Surrounded by desert landscaping, with boulders around the pool and grapevines in the field, Phil and Eileen Gregory’s La Villa del Valle (52-646-156-8007; $175-$295) is an ideal excuse to tune out for a weekend. The six rooms walk the line between stylish and traditional. If you can’t score one, you’ll be well attended to at the new Hacienda Guadalupe (52-646-155-2859; $150-$199), where each room—spare but comfortable with saltillo-tile floors—looks onto the valley. Before reaching either, you’ll pass through San Antonio de las Minas, the gateway to Valle de Guadalupe. Located on the Tecate-Ensenada Highway, it’s also the biggest town around. There are about 50 wineries in the region, many of them sprinkled along the road. To sample the quintessential huevos rancheros, make tracks for El Correcaminos (52-646-155-3101), a kitschy truck stop with a children’s play area and a pigeon coop out back. For something heartier head to the rustic hideaway La Casa de Ladrillo (52-646-947-3976) to eat pit-roasted lamb, abalone chorizo, or stewed sweet crab burritos in a quiet garden. Nearby, the little brick Cremería los Globos (52-646-120-5092) stocks outstanding local cheeses, olive oils, and artisanal bread. As you drive to the heart of the valley through the town of El Porvenir, visit the Museo Ruso (52-646-155-2030 or email@example.com) on the grounds of the Familia Samarin Restaurant, where the airy Russian bread, a tasting of preserves, and a stroll through a traditional dwelling of the Molokans—sectarian Christians who fled the czar—are essential. Down the road you’ll meet J.C. Bravo, the cowboy-farmer and middle school P.E. teacher who has produced one of Baja’s most respected wines, a fruity and well-balanced carignan that will have you coaxing a repeat pour at his saloonlike tasting room (52-646-155-2068). From there it’s a short trip to Emevé (52-646-156-8019), a newer winery with a serene panorama of the valley. Roughly 40 wineries dot the landscape, so pace yourself.

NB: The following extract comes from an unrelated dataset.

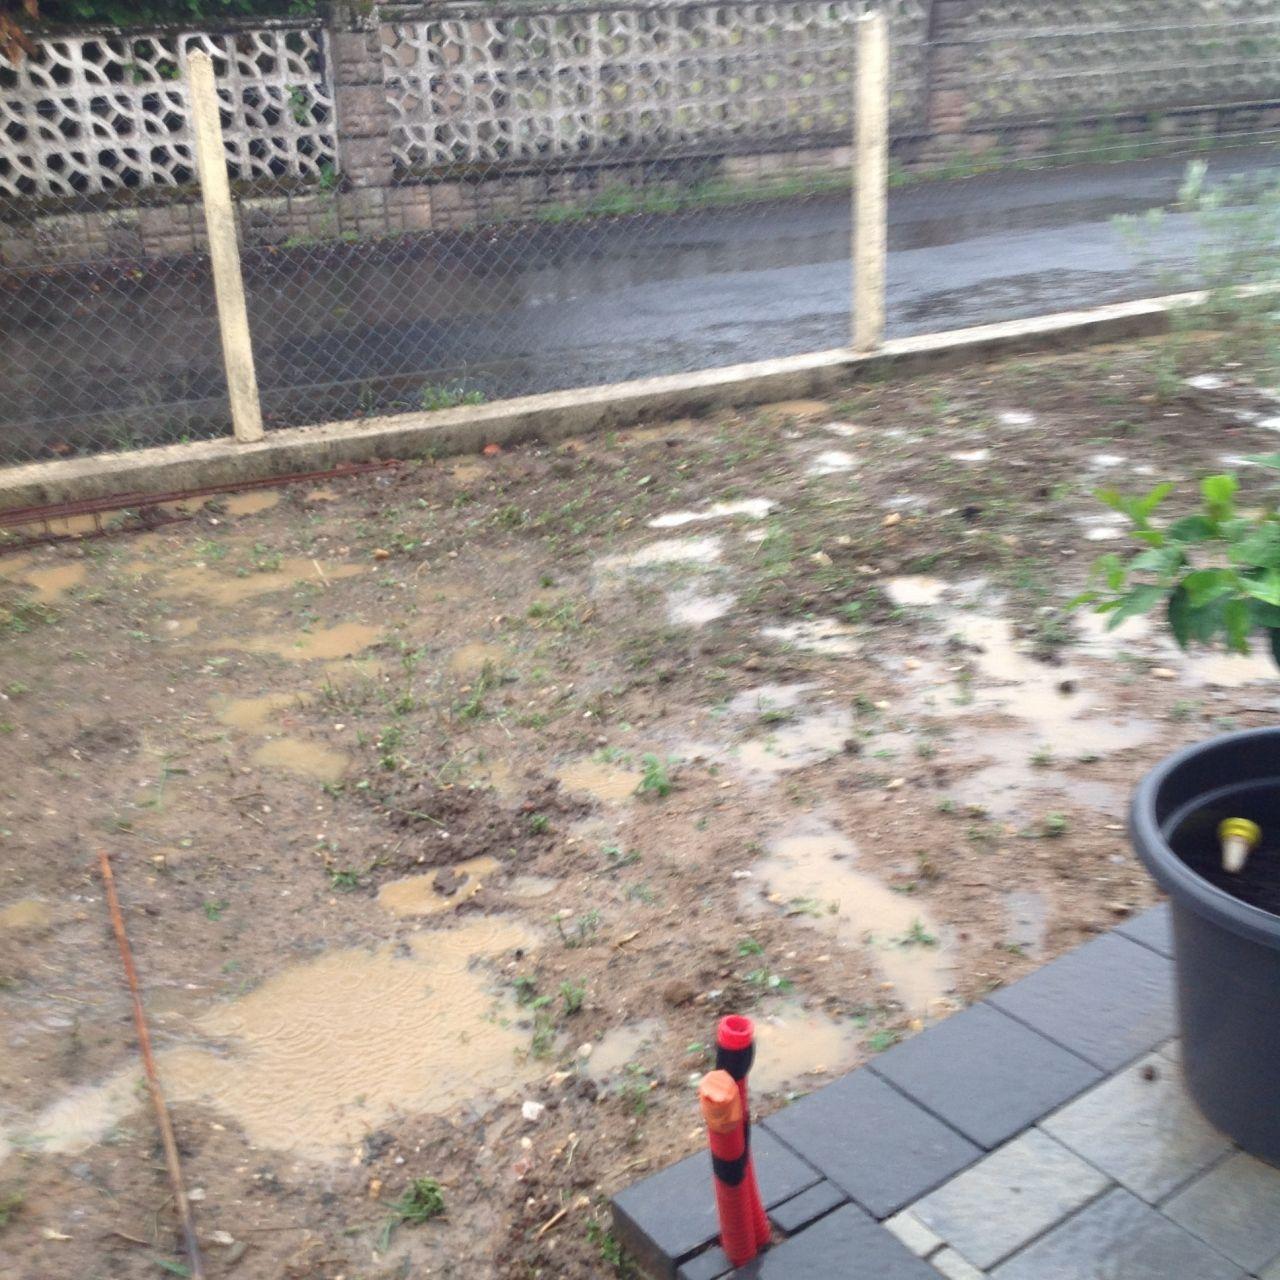 Notre petit jardin exotique st sulpice tarn - Petit jardin ru ...
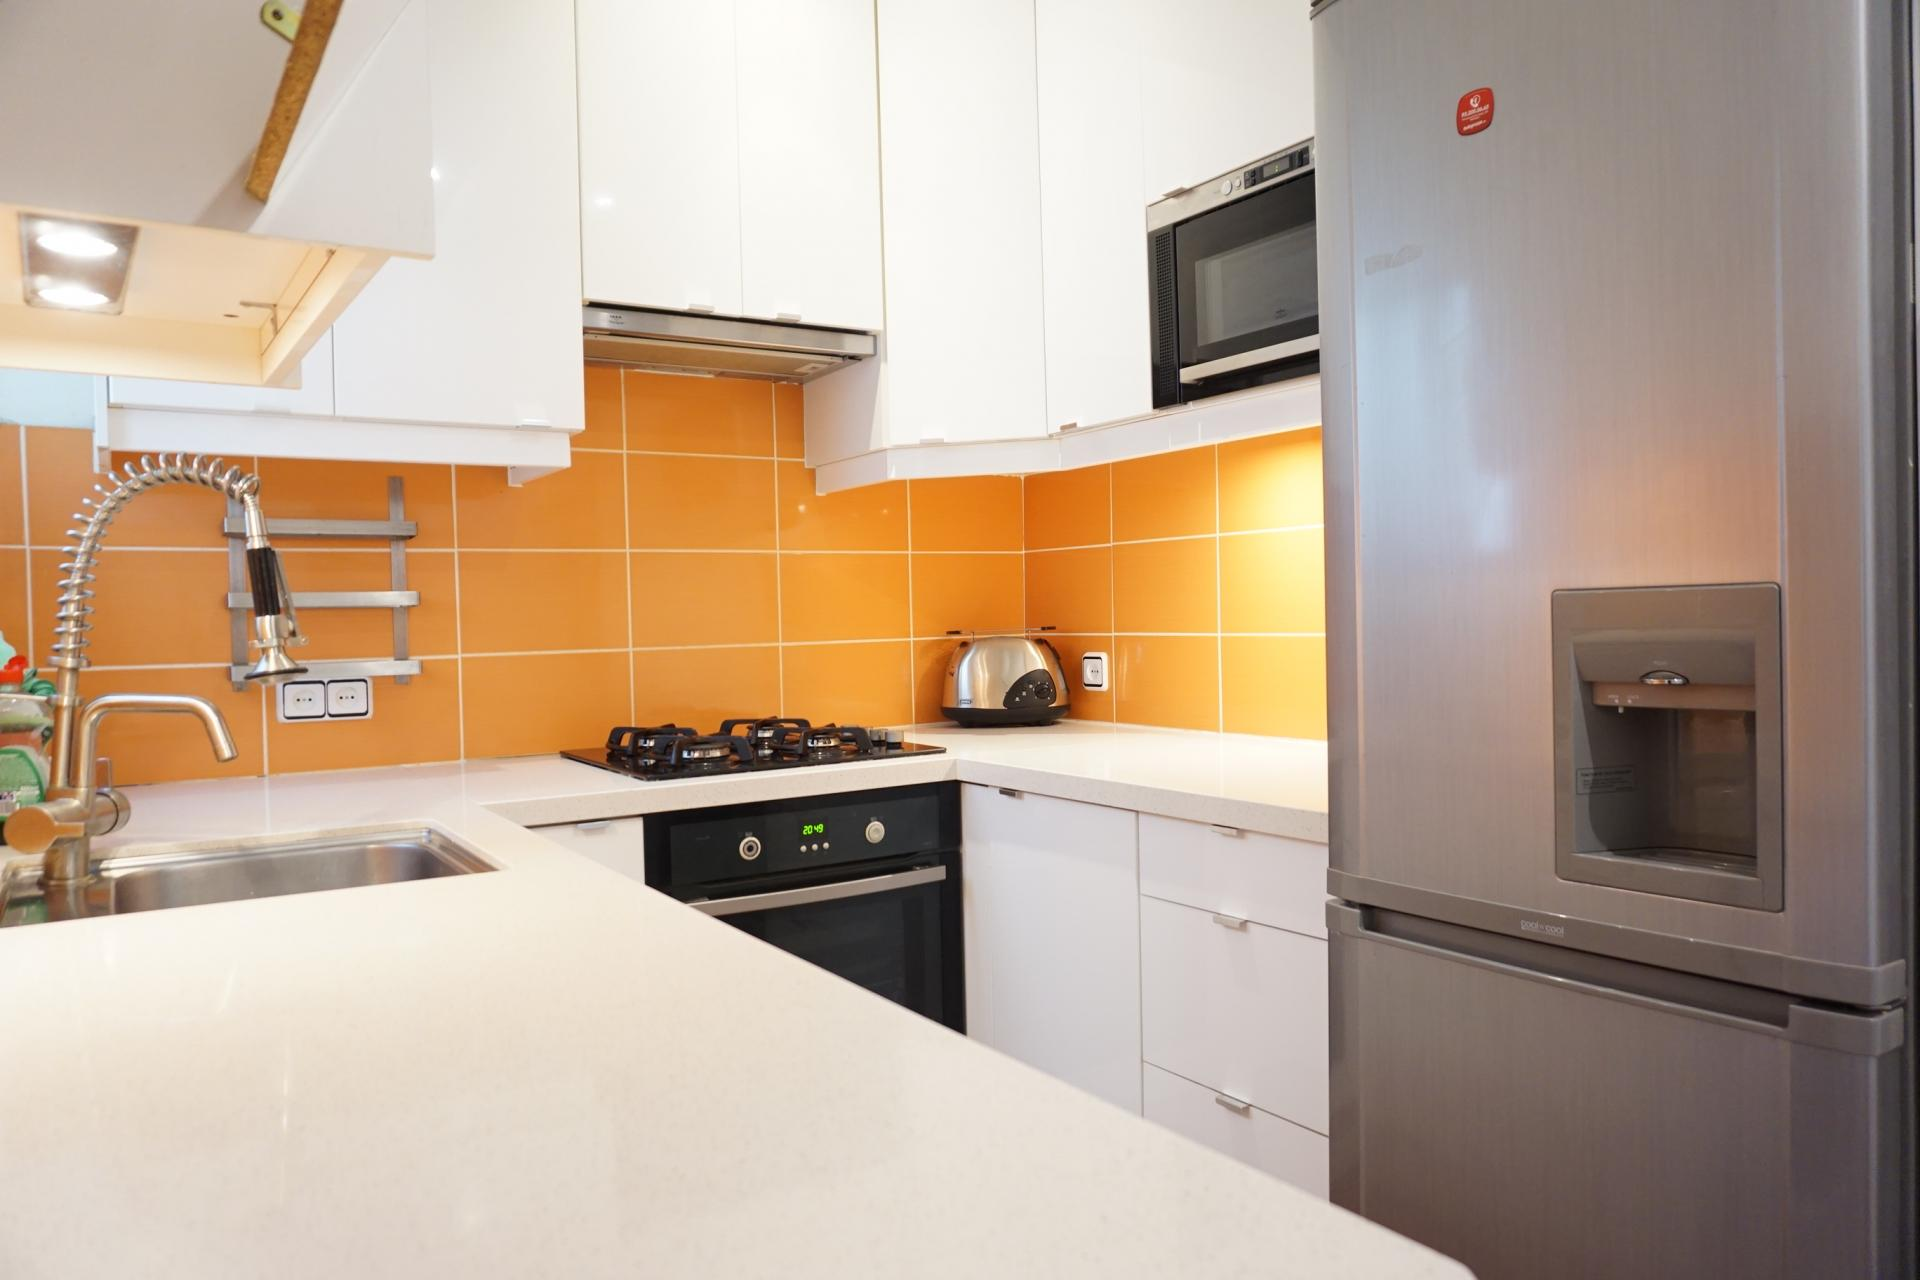 appartement louer barcelona sants montju c bejar mallorca. Black Bedroom Furniture Sets. Home Design Ideas

Some people go all out and explore on horseback with Rancho Ecuestre El Carruaje (52-646-161-2230). The outfitter can take you to wineries and restaurants or on a picnic. Or make your own picnic. This is one of the only places in Mexico that produces aged cheeses. For about $3 you can try them at Rancho Cortes (52-619-241-4986), a working ranch. Grab some añejo, a noshworthy queso fresco with basil, and the Real del Castillo before skipping over to the San Antonio Necua campgrounds, which sit in a tree-shaded patch of land beyond the L.A. Cetto winery. This is the community of the indigenous Kumiai, who charge a small fee to use the facilities. There’s a traditional hamlet with a museum, and guide services are occasionally available. Even if you forgo the picnic, it’s worth the trip to eat the remarkable grilled quail at Las Gueritas, a stand located at Km 77. Not far away along a dirt road, in a new country-style grill set amid an olive grove, you’ll find chef Miguel Angel Guerrero’s El Almazara (52-664-648-1267). Order the beet carpaccio, expertly grilled octopus, or juicy lamb tacos (ask Guerrero to crisp the lamb fritura style).
Once the wineries close, life retreats to a whisper in Valle de Guadalupe. For years an evening meal here meant dining at chef Jair Téllez’s Laja restaurant (52-646-155-2556). The food still soars (case in point: the pan-roasted rock cod plucked from nearby waters), but now there are other options to spice up your stay, like chef Diego Hernandez’s Corazón de Tierra (52-646-156-8030 or firstname.lastname@example.org), situated next door to La Villa del Valle. Inspired tasting menus feature herbs and produce from the garden, and maybe some pork the chef knew personally only hours before. Fetch a bottle of the house tempranillo or sauvignon blanc from Phil Gregory’s wine cave to cap the night snuggled beside your balcony’s fireplace. Or put your bottle in a brown bag and run back to San Antonio de las Minas for legit carne asada tacos roasted over mesquite at the Tacos El Poblano stand. After all, you are in Mexico.
Getting there: Valle de Guadalupe, which sits 14 miles north of Ensenada, is roughly a four-hour drive from Los Angeles.
Peak time: Crowds can get thick during holidays and the Vendimias wine, food, and music festivals that take place in August.
Weather report: The temperature averages in the 70s and 80s throughout the year but climbs highest in April, May, and June.
The coastal town of Ensenada is just south of Valle de Guadalupe. Another 26 miles beyond Ensenada, in the Real del Castillo region, lies the cheese-producing town of Ojos Negros. La Cava de Marcelo (52-646-175-7073), home of the Ramonetti brand, houses Latin America’s first cheese cave. Tour the ranch, sample the wares with a smidgen of house wine, and hang around for lunch.